Logo Unione Europea
Logo Ministero
Logo Italia Domani
Logo Agritech

Predictive Tools for Crop Yields Using Econometric and Machine Learning Approaches

In this work, a machine learning–based methodology was developed to estimate expected crop yields and assess the economic impact of extreme weather events on farms.

The predictive models combine three main dimensions:

  • Structural and economic characteristics of the farm,
  • Planting and crop management practices,
  • Climatic conditions over the production cycle.

The work was carried out in collaboration with the University of Padua and the University of Tuscia.

 

Dataset

The dataset combines farm economic and structural information with climatic and meteorological indicators over the 2008–2022 period.

The main components are:

  • FADN data (2008–2022): describing farm productivity and characteristics (crop type, region/agricultural area, farm size).

  • Quantitative variables (C_quant): cultivated and irrigated area, labour hours for staff and machinery, water use per total surface and per hectare, and the average number of irrigation days.

  • Qualitative variables (C_cat): crop species, cultivation method, crop succession, and the presence of intercropping practices.

  • Climate data and extreme event indicators (C_seq): daily, monthly and yearly time series of evapotranspiration, precipitation, and maximum and minimum temperatures, later harmonised at daily resolution and aligned with individual crops.

The study focuses on six representative crops: durum wheat, soft wheat, hybrid corn, soybean, quality wine grape and common wine grape.

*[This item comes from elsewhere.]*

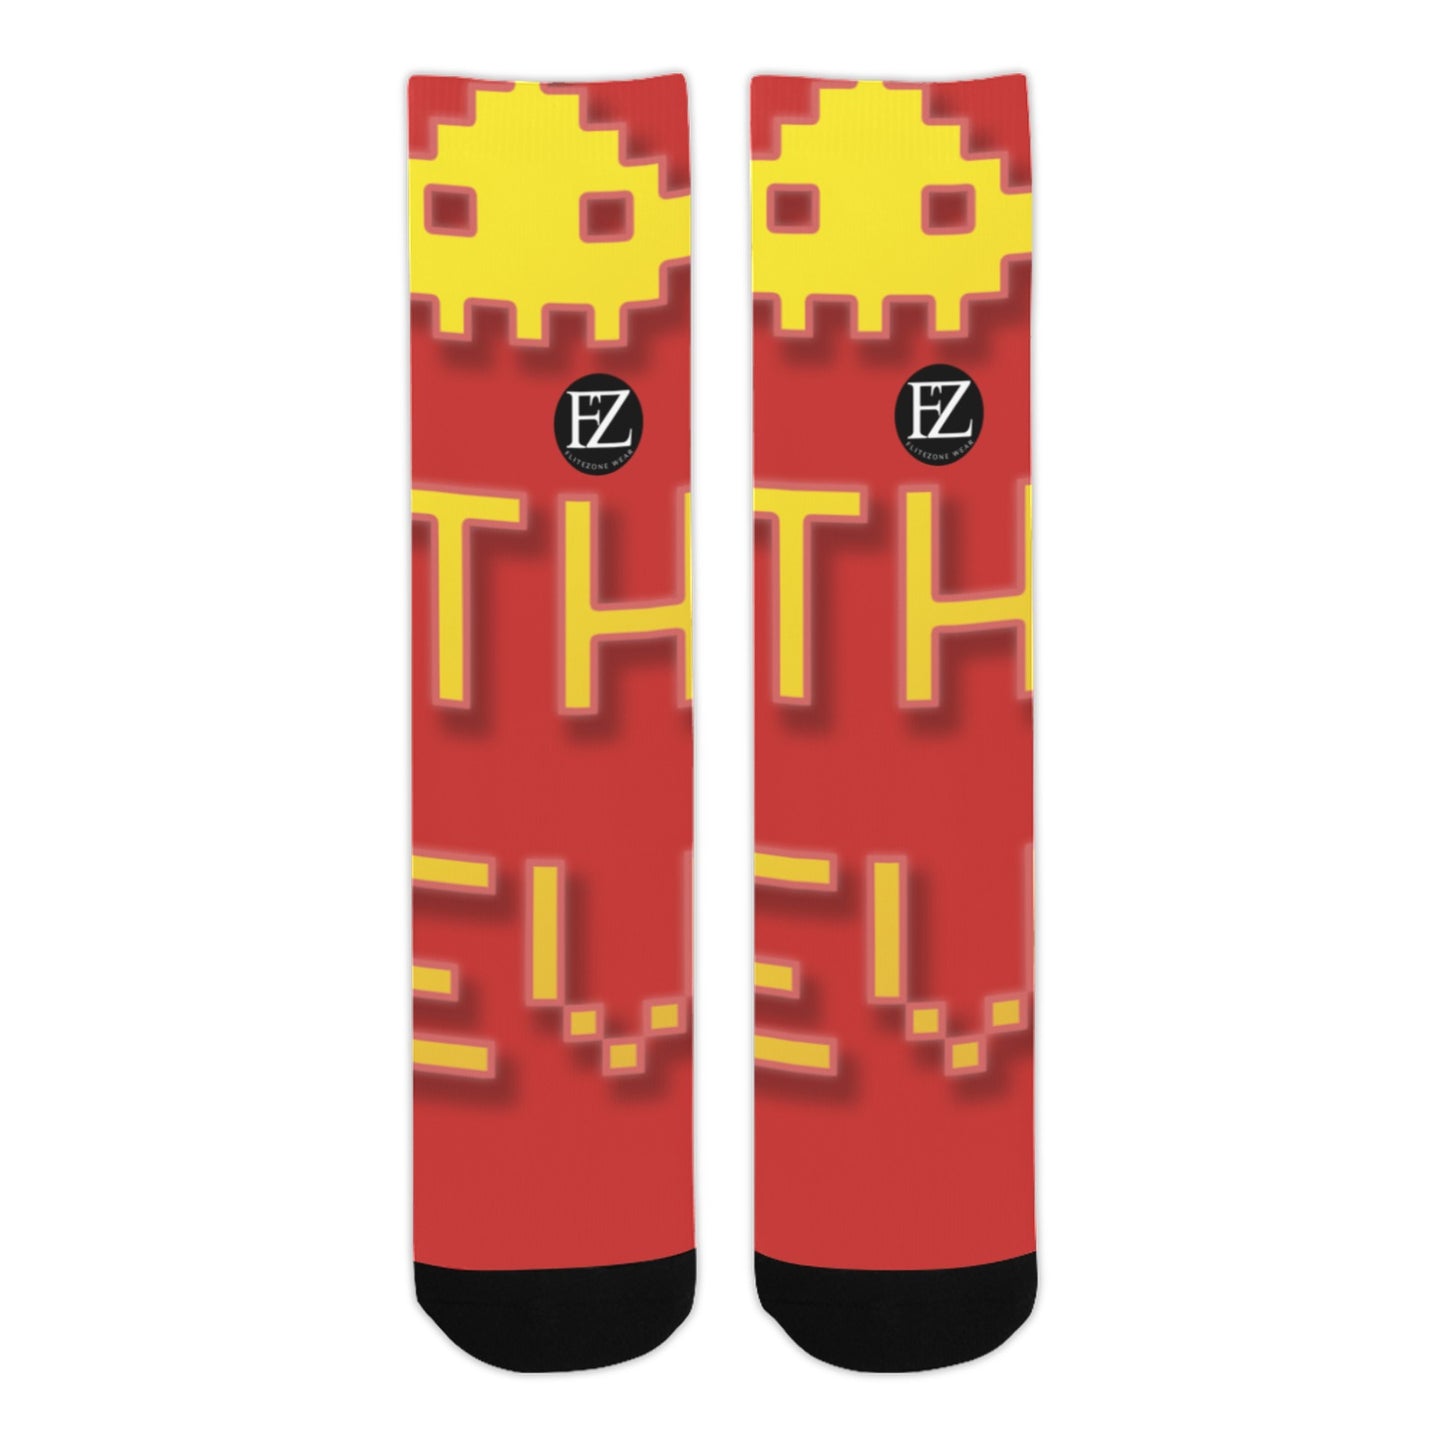 fz unisex socks - yellow one size / fz socks - red sublimated crew socks(made in usa)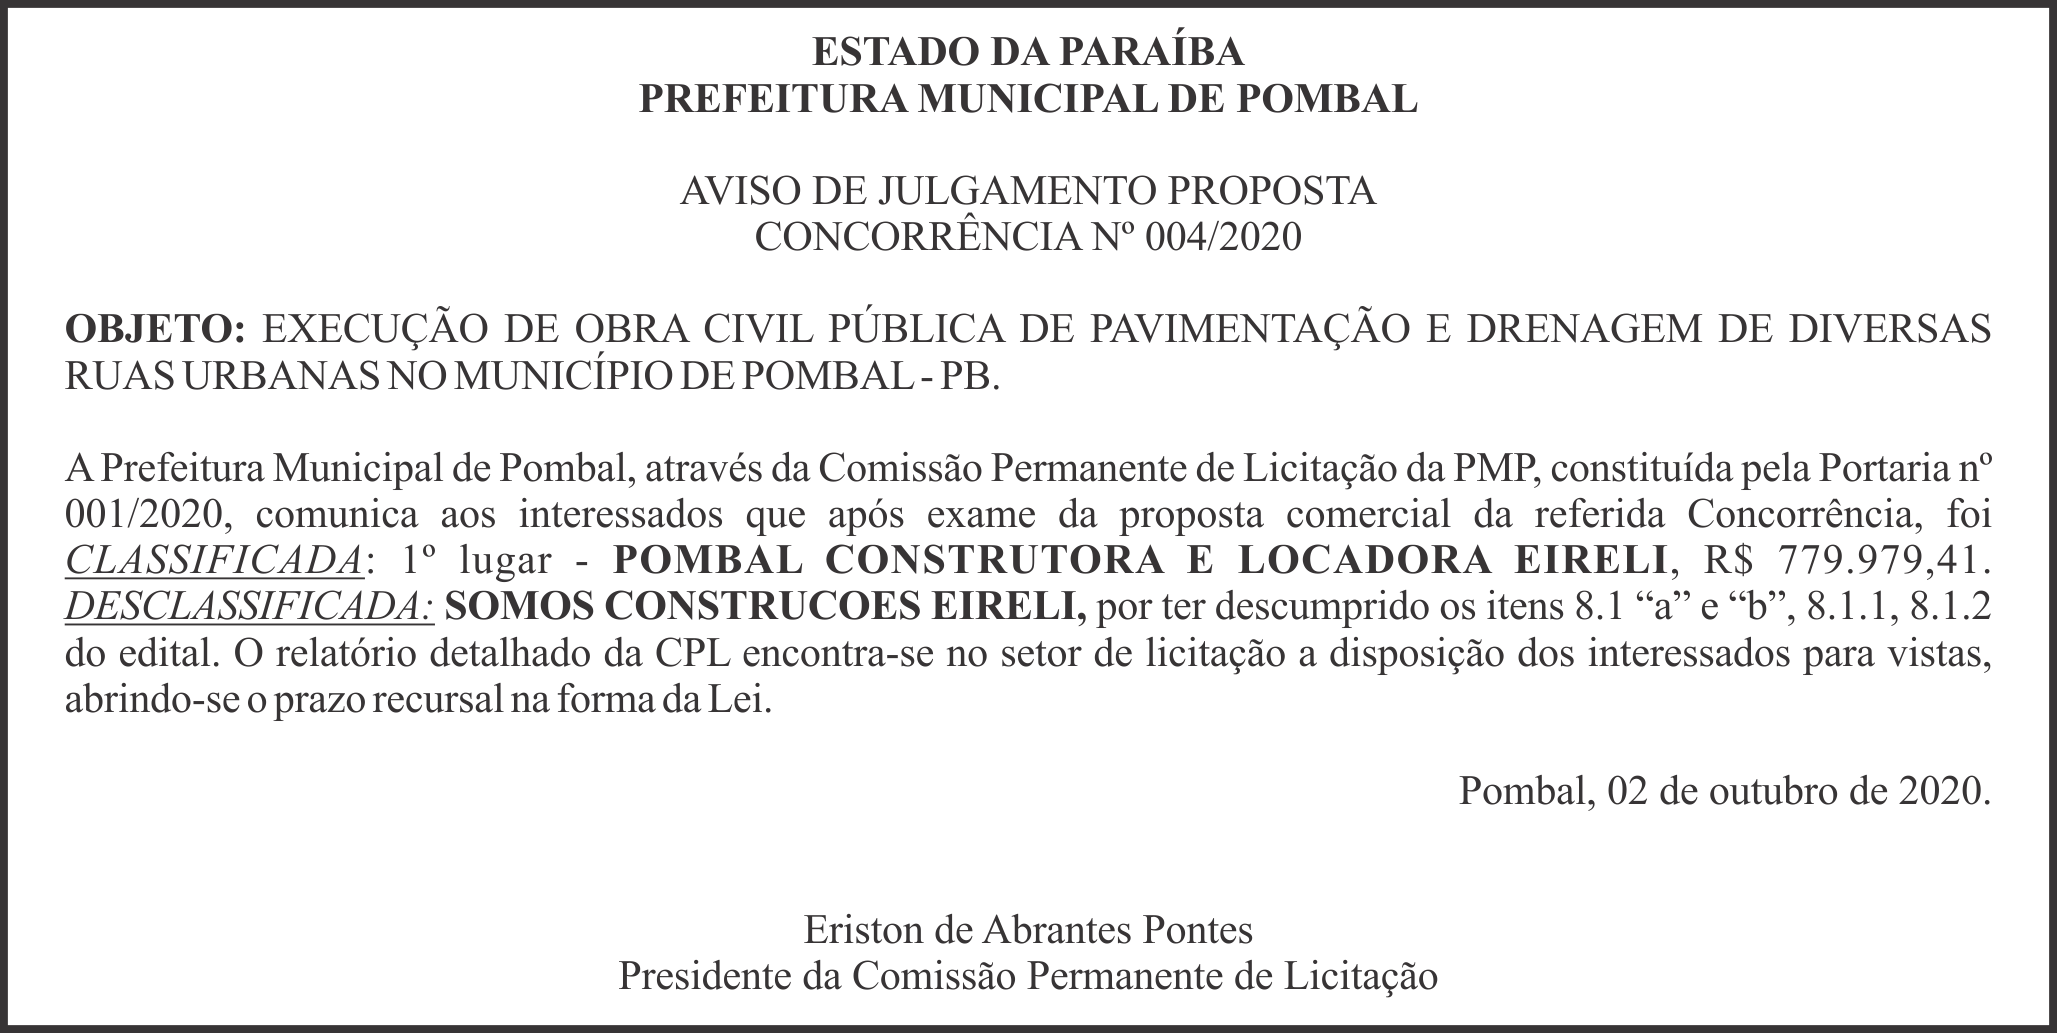 PREFEITURA MUNICIPAL DE POMBAL – AVISO DE JULGAMENTO PROPOSTA – CONCORRÊNCIA Nº 004/2020

The target variable is the Yield Index (Y_class), defined as the ratio between harvested quantity and cultivated area, providing a normalised productivity measure that is comparable across crops, regions and farm sizes.

Methodology

The methodological goal is to design deep learning models capable of predicting expected yields and capturing the effect of extreme weather events by combining structural, management and climate information. 

The approach integrates:

  • Neural networks as predictors: multilayer models able to learn non-linear relationships between a large set of explanatory variables and agricultural yield.
  • Autoencoders for climate series: neural networks that compress weather sequences (C_seq) into compact embeddings, reducing noise and highlighting patterns associated with regular conditions or extreme events.

The pipeline extracts climate embeddings through autoencoders and integrates them with structural and economic variables in the yield prediction model.

Two output directions are explored:

  • Classification of the yield index into discrete classes (low, medium, high),
  • Regression of the continuous value of the Yield Index.

 

Experiments

The experimental analysis evaluates different data configurations, architectures and modelling strategies.

Dataset configurations:

  • Monthly meteorological series combined with categorical and quantitative farm variables.

  • Daily meteorological series enriched with information on irrigation volumes and water use.

Tested architectures:

  • Autoencoder-based models to encode weather sequences over time.

  • Regression models trained on “flattened” sequences without autoencoding.

  • Architectures that include gradient feedback from the decoder to the encoder.

  • Comparison between LSTM autoencoders and Transformer-based encoders for handling time series.

Preliminary experiments show that models trained on monthly sequences exhibit higher instability and larger residuals, especially for crops with fewer observations (e.g. corn and soybean). The use of daily sequences, together with advanced encoders and filtering of extreme yield values, significantly improves the stability and accuracy of predictions.

Results

The final phase introduces Conditional Variational Autoencoders (CVAEs) that integrate daily weather data, water use indicators, crop management practices and geographical information.


Four strategies are evaluated:

  • M1 – Per-species classification: dedicated models for each crop to assign the Yield Index to yield classes.

  • M2 – Multi-species regression with CVAE: a single model to estimate continuous yield values across all crops.

  • M3 – Multi-species classification with CVAE: a shared model that classifies yields of different crops into three classes.

  • M4 – Multi-species classification with geographical context: an extension of M3 with an explicit encoding of territorial information.

The results show that the classification models effectively distinguish three yield levels (low, medium, high), while CVAE-based regression provides stable continuous predictions of the yield index. Including the geographical component in model M4 further improves accuracy and robustness, making it the best-performing approach among those analysed.